La struttura del torneo era bellissima e fanta-giocabile. Il field era un attimino duro rispetto al buy-in, non solo a mio dire, ma anche secondo quelli che sono frequenti di quell’ABI lì. Molti reg hanno confermato che era un field duro per essere un €1.100, anche perché ha attirato tutti – e dico tutti – i reg del panorama italiano, e non solo ma anche tantissimi volti noti del panorama internazionale!

A proposito di field; come ti sei trovato contro gli avversari al Final Table? Li conoscevi?

Naturalmente conoscevo Gaspare Sposato dall’online, e poi abbiamo giocato quasi sempre vicini da 35 left in giù, poi ho conosciuto Barnaba Perone.

In generale, a mio avviso, i più bravi del FT erano proprio Gaspare e Adrian State che poi ha vinto il torneo.

Quasi tutti i finalisti li avevo affrontati anche prima, a due-tre tavoli left, quindi avevo un po’ di storico su tutti. Infatti nello spot finale con 10-10, contro questo oppo non ho alcun tipo di rimpianto, contro un altro giocatore potevo anche decidere di flattare, giocare in maniera diversa.

Gli altri, a mio avviso, erano tutti player normalissimi, non top-reg. Quindi lo reputerei un tavolo facile, con quelle due eccezioni.

Lo spot a cui si riferisce Salvatore Russo è quello della sua eliminazione, dove rilancia da BTN con 1010, incontra la 3-bet di Soceanu da BB con AJ e decide di andare all in. Sul board uscirà 5KQ10A, puoi rivederla nello streaming in fondo all’articolo.

Descrivici le tue emozioni dopo questo risultato.

Durante il torneo, devo essere sincero: è successo talmente in fretta, senza un minimo di aspettativa da parte mia, che sono rimasto abbastanza tranquillo.

Dopo l’uscita, ovviamente un po’ di rammarico c’è, visto come è andata e visto il field.

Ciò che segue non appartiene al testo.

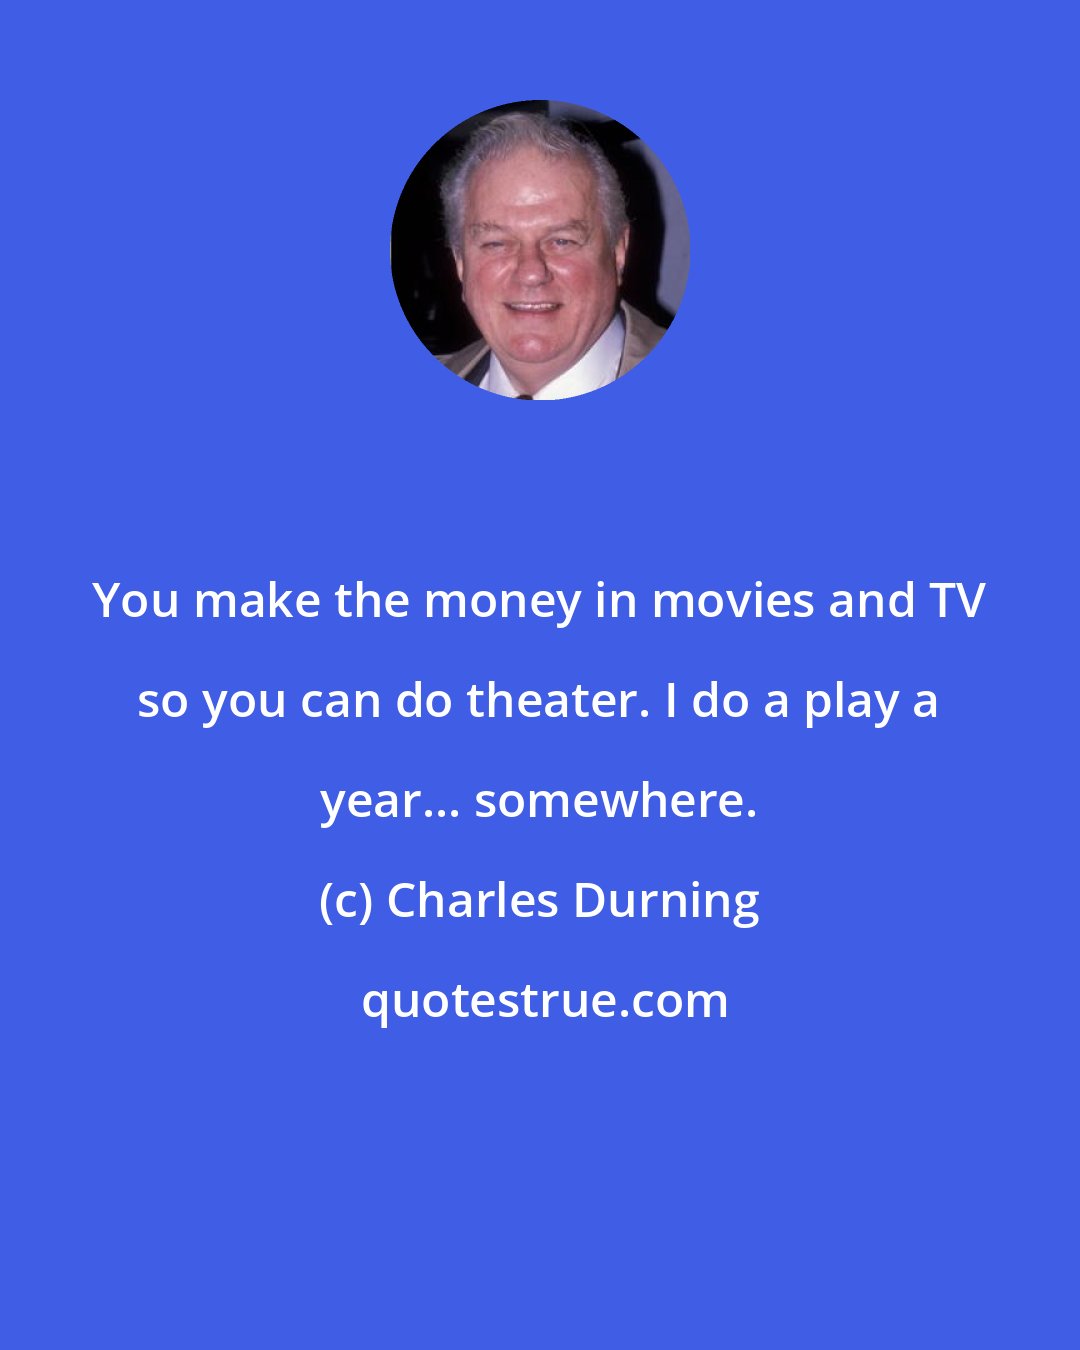 Charles Durning: You make the money in movies and TV so you can do theater. I do a play a year... somewhere.

Ovviamente sono felice, per essere arrivato quinto a un torneo dove non avrei nemmeno dovuto esserci.

Insomma, era uno spot dove ero al 85% al flop e se avessi vinto sarei andato 1° su 5, e in un tavolo dove alcuni non erano così ferrati con l’ICM. Mi sarei sentito molto confident.

Alla base del mio futuro pokeristico c’è sempre lo studio e il miglioramento costante. La cosa che mi caratterizza e che credo dovrebbe caratterizzare un po’ tutti è la consapevolezza di sapere che in questo gioco non si smette mai di imparare. Non basterebbero 10 vite per studiare e imparare tutto.